Hi guys, I've a problem here which I think might be related to grafix driver.

I just updated my win 7 with service pack 1. It downloaded and installed a new NVDIA gfx driver. After that, I found that all the videos (sply HD ones) are coming pixelated (u know the way it looks if you play videos in PC without installing gfx drivers, because it can't process HD)
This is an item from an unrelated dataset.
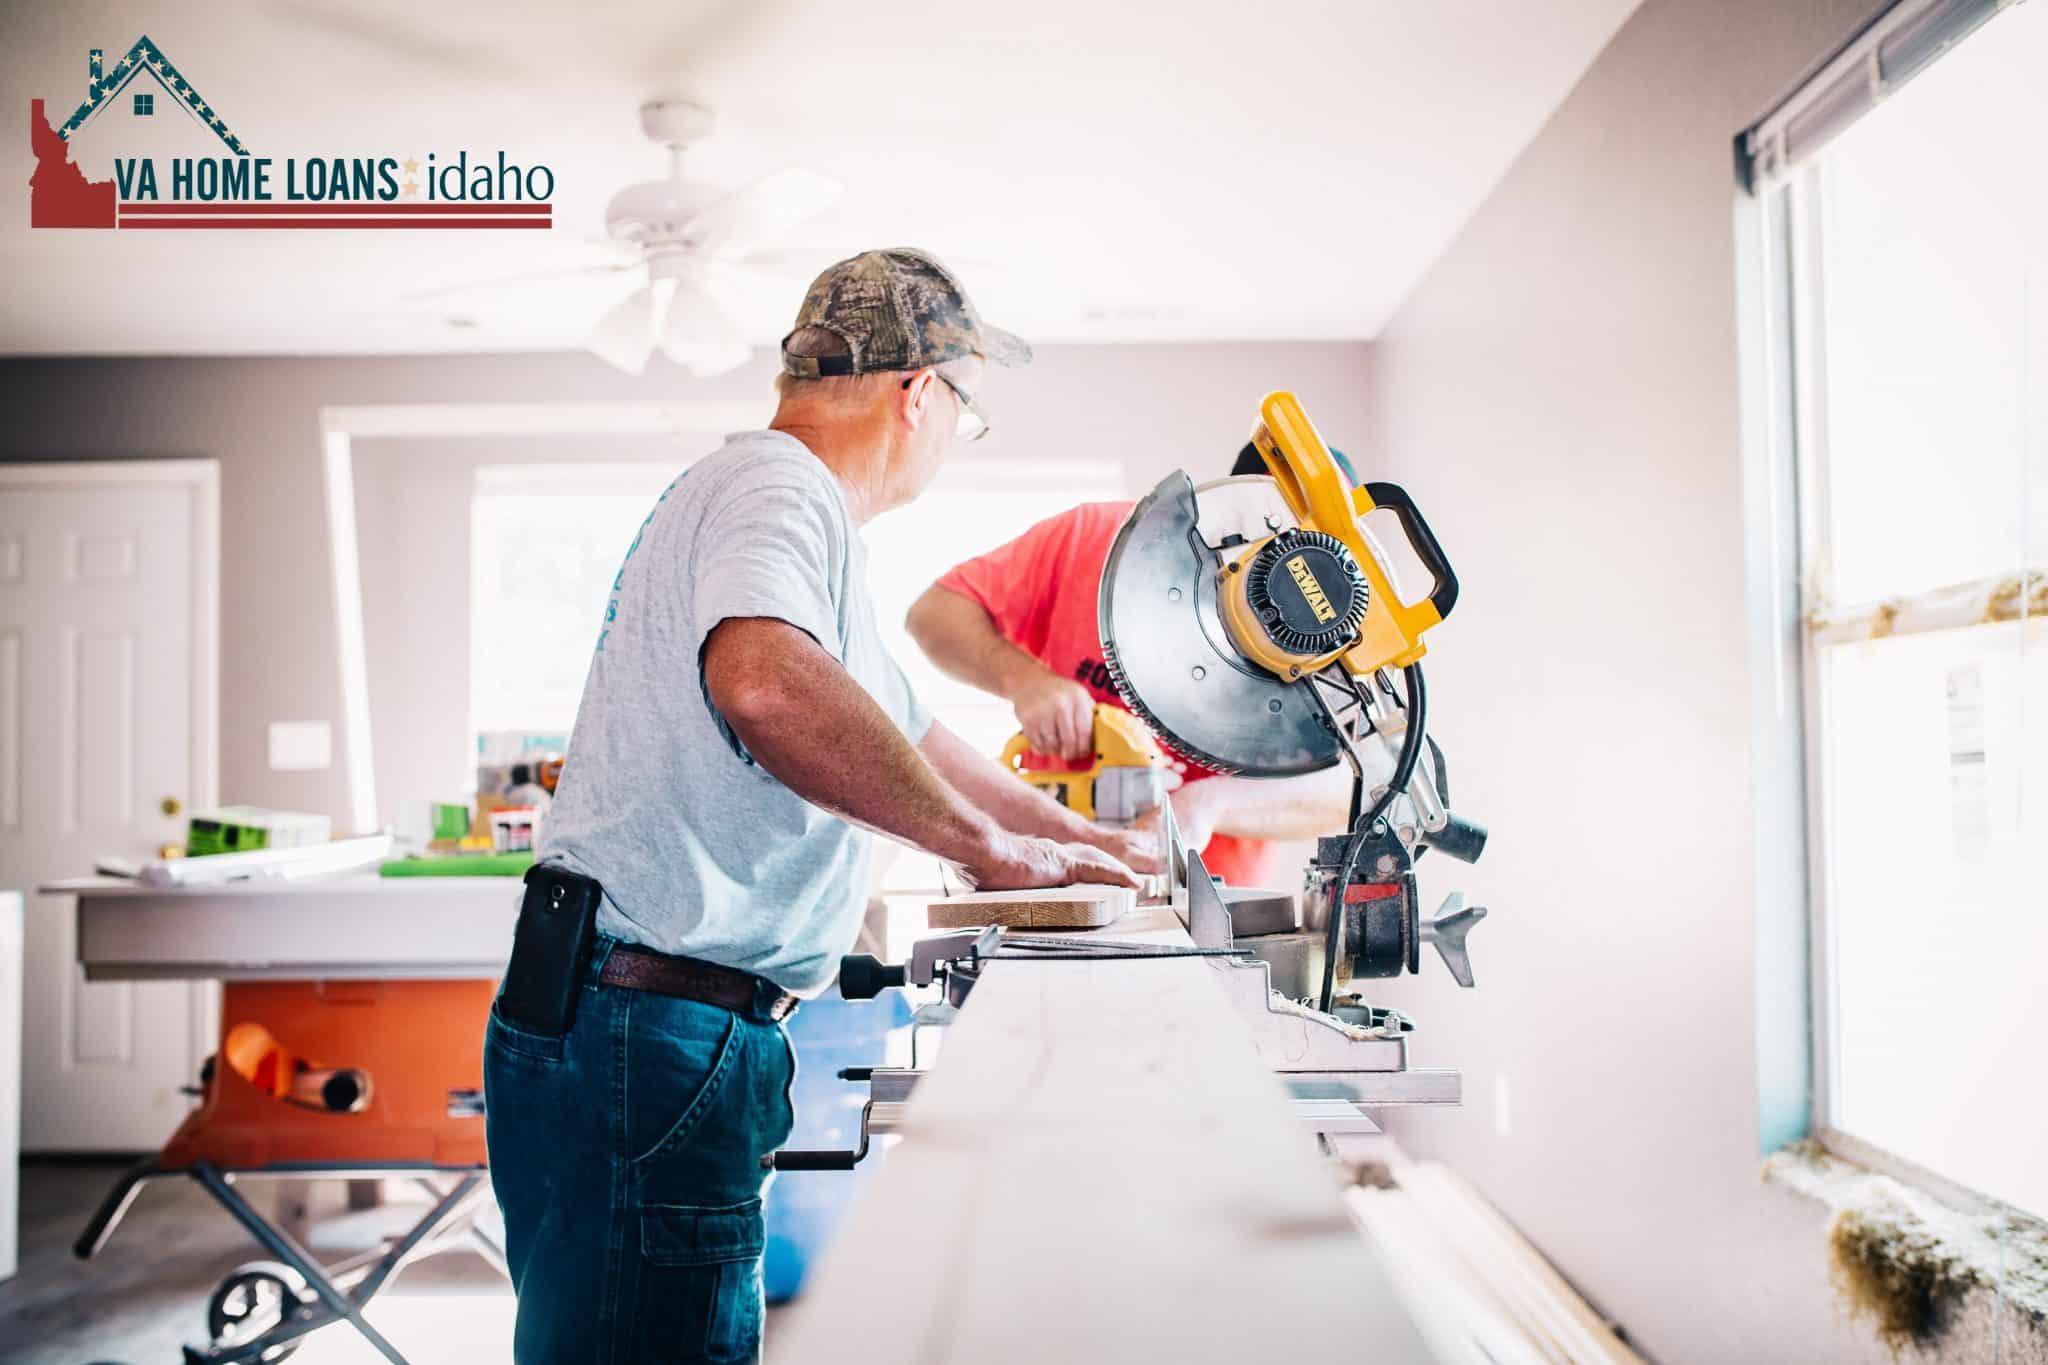 Man in grey shirt cutting wood with a saw.

I first tried to launch NVDIA menu, and it said it might be corrupted and can't launch it. So I downloaded latest driver for my gfx card (8800GT, driver version 270.xx). Everything installed properly but the problem persists.

My system config:-
Q6600
ABiT IX38 Quad GT
4GB DDR2 600MHZ RAM -Gskill
EVGA 8800GT 

OS: Win7 sp1, 64Bit

Video player used: KMplayer, VLC
Videos played: House latest episode HDTV and Avatar HD

Please suggest me what to do?


oh, one more thing my previous driver version was 197.xx. Can I downgrade to that?


----------



## damngoodman999 (Apr 20, 2011)

Dont worry Rhit ! Its just Video encoding error with VLC /KMplayer 

Try it with VLC first 

Go to prefrence -> video setting -> output -> get anyone from that list (for me direct 3d worked well )


----------



## furious_gamer (Apr 20, 2011)

@rhitwick

Do what DGM said. If it doesn't solve the issue, simply downgrade to your previous driver and see it's working fine.


----------



## rhitwick (Apr 20, 2011)

Ok, that did the trick. Thank you all. And the House file is awefull.


----------



## furious_gamer (Apr 20, 2011)

^^ Good that it solved your problem. I thought your GFX needed a RMA...


----------



## damngoodman999 (Apr 20, 2011)

He is keeping 8800GT for long


----------



## rhitwick (Apr 20, 2011)

damngoodman999 said:


> He is keeping 8800GT for long



Yes, I'm. No money...

And, i played Crysis on it........it'l run long (or I'll make it run   )


----------